In breaking news about India’s security landscape, researchers reveal that the country’s foreign ministry ‘Global Pravasi Rishta’ suffered from a data leak involving the sensitive passport details of Indian expats. According to the researchers, the intelligence report has already been confirmed.
The Indian foreign ministry platform ‘Global Pravasi Rishta’ connects over 30 million Indians outside the country. The Ministry of External Affairs of India manages the platform as a communication tool for Indian expats, Indian Missions, and Indian government bodies.
Numerous passport details of Indian migrants have been compromised in the security incident.
Based on reports, the foreign ministry platform had leaked numerous critical passport details belonging to Indian nationals currently residing outside of the country, including full names, usernames, current country of residence, email addresses, occupations, contact numbers, and passport numbers.
Moreover, the researchers believe that the data leak is caused by poorly implemented security measures, including the lack of authentication procedures in the portal.
The foreign ministry’s website’s edit function is presumed to be the root cause of the data leak. Researchers explained that manipulating and configuring the site’s URL allowed anyone to edit user details on the portal.

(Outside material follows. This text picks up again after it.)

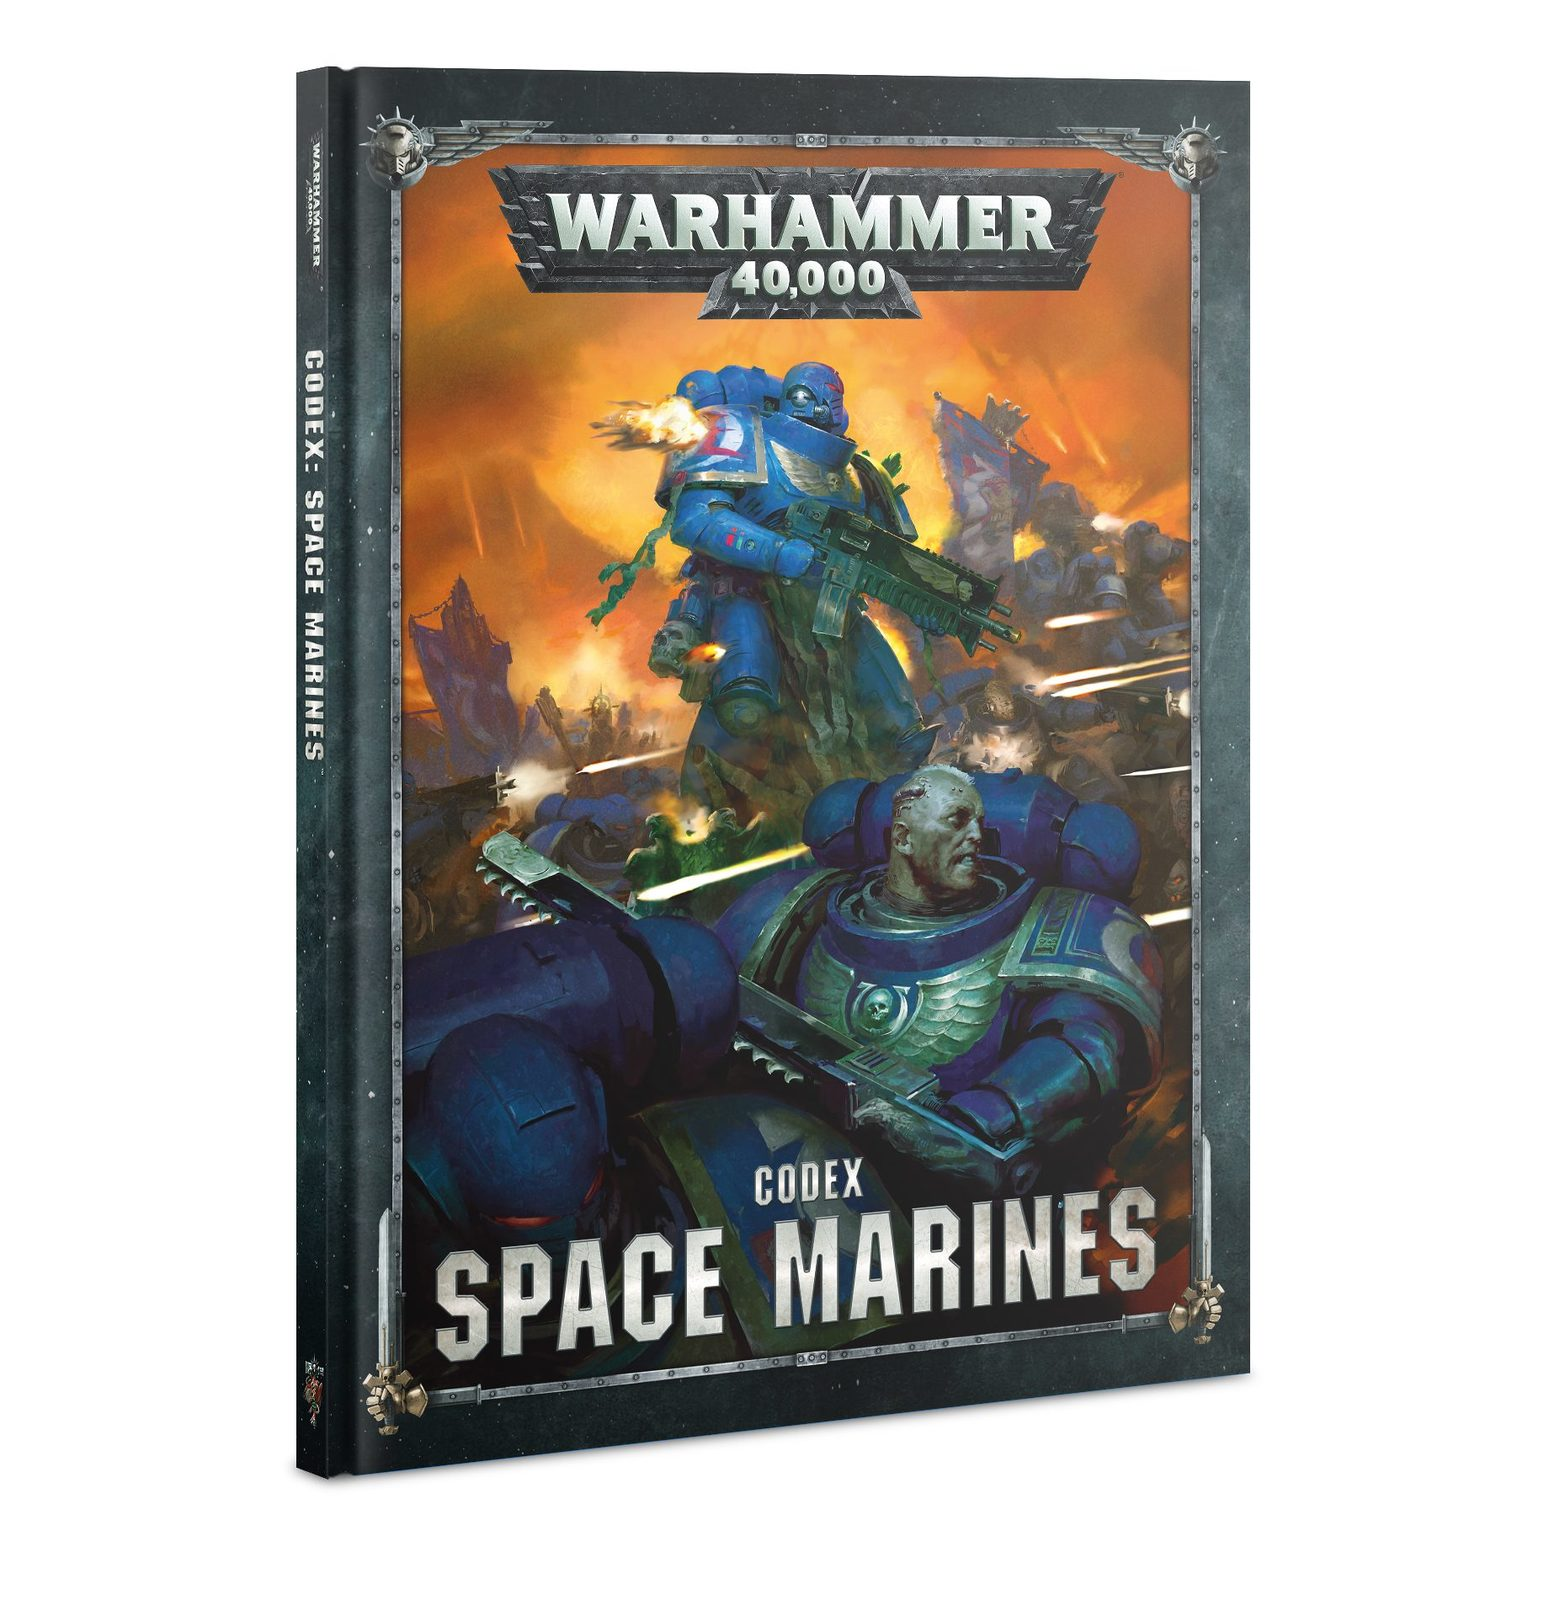 Warhammer 40,000 Codex: Space Marines image

Hence, a single registered user can access all of the existing user data on the portal and edit them, including replacing the user ID embedded in the URL to lead them to another user’s account.

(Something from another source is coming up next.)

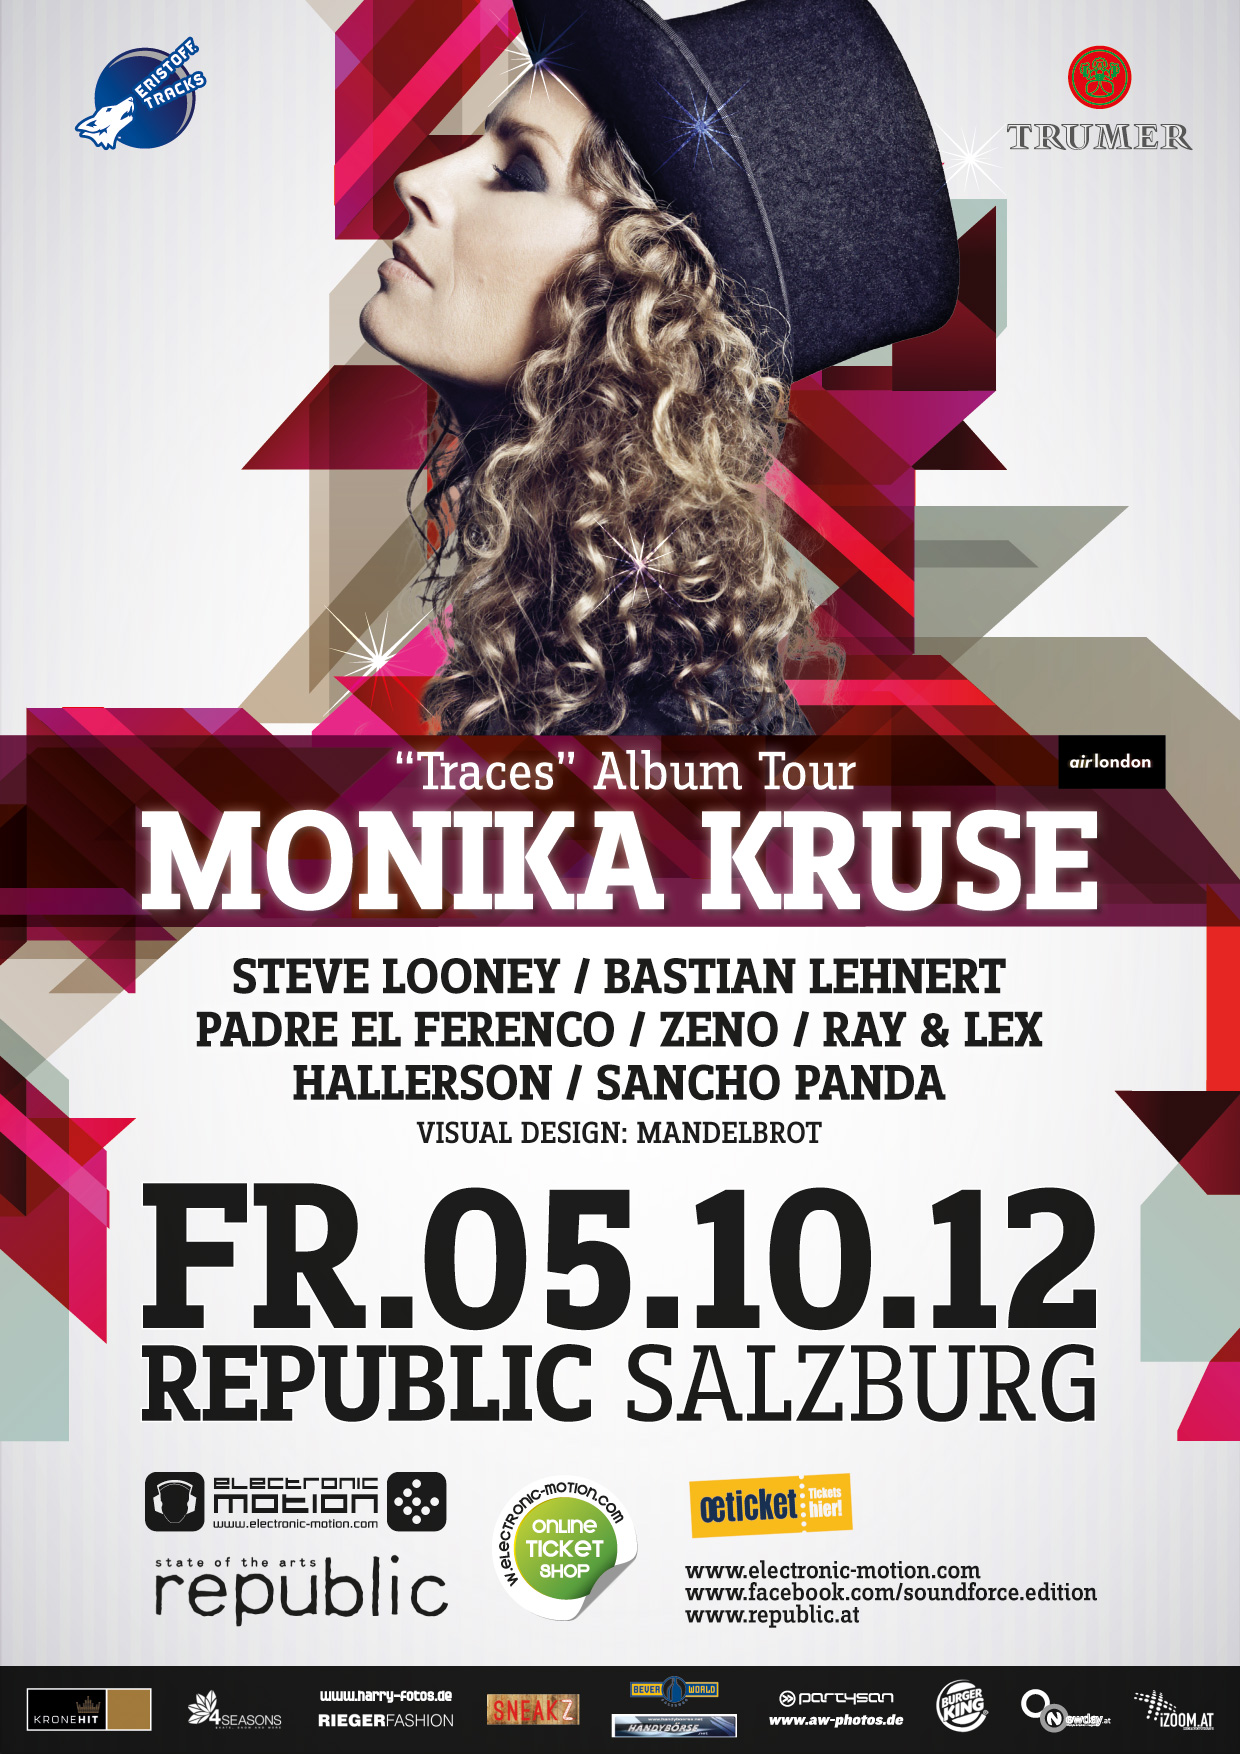 SOUNDFORCE -diamond edition- with Monika Kruse, 05.10.2012 @ Republic Salzburg

After sending a report of the identified issue to India’s Ministry of External Affairs, the issue has been fixed. Although, the researchers have not received any comment from the government body.
The leak of sensitive data, such as passport details, has not been uncommon in cybersecurity. Thus, when such misfortunate instances happen, security experts fear potential attack threats from malicious actors exposing victims to security risk.

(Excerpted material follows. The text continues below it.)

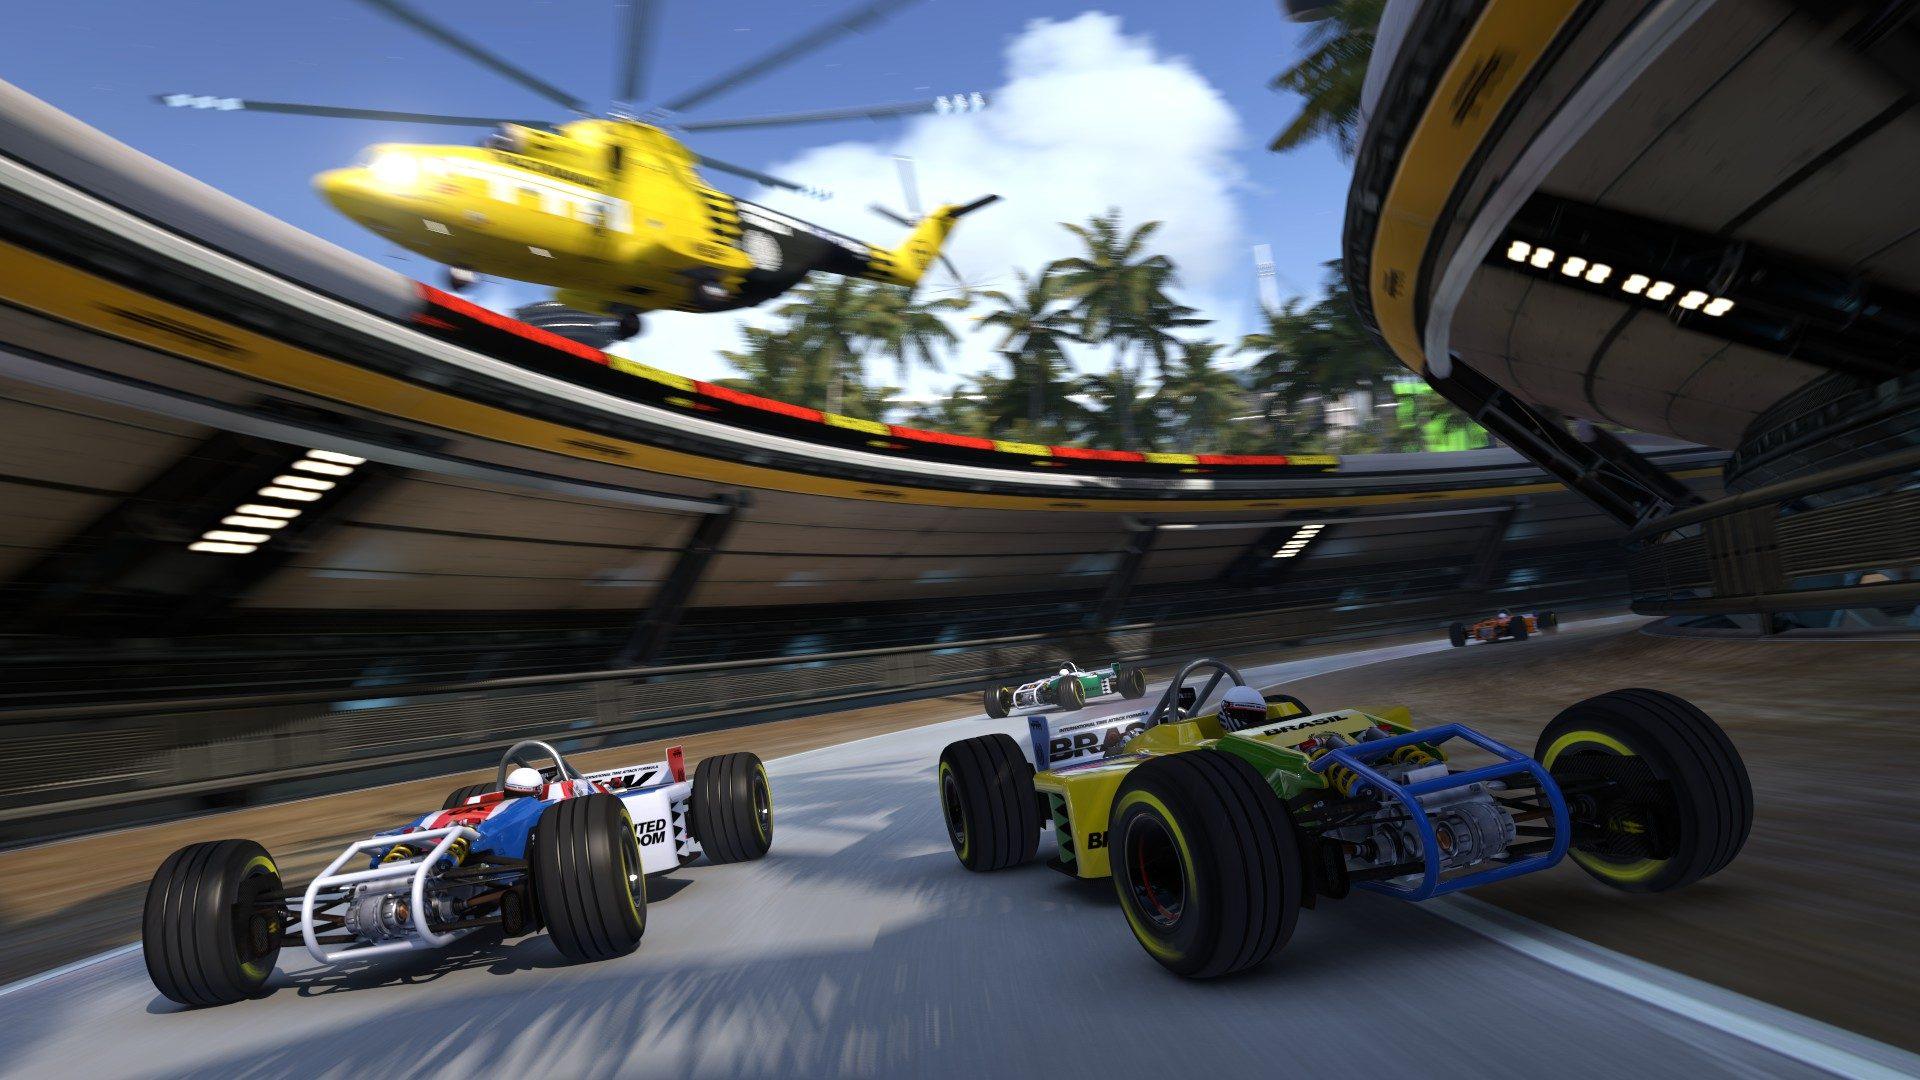 Trackmania Turbo image 8

Several security incidents have happened in the past couple of years, involving thousands to millions of people being exposed to cyberattacks after large companies leaked passport numbers online. With these incidents, the victims’ data could be used for malicious objectives, such as identity theft, phishing, fraud, and others.
For these reasons, security experts strongly recommend victims of passport details leaks be wary of possible attack attempts from malicious actors. The Indian migrants involved in this issue are advised to monitor their credit files and histories closely, alongside activating multi-factor authentication (MFA) to all of their online accounts.
Reporting to authorities about suspicious activities using their data is highly advised.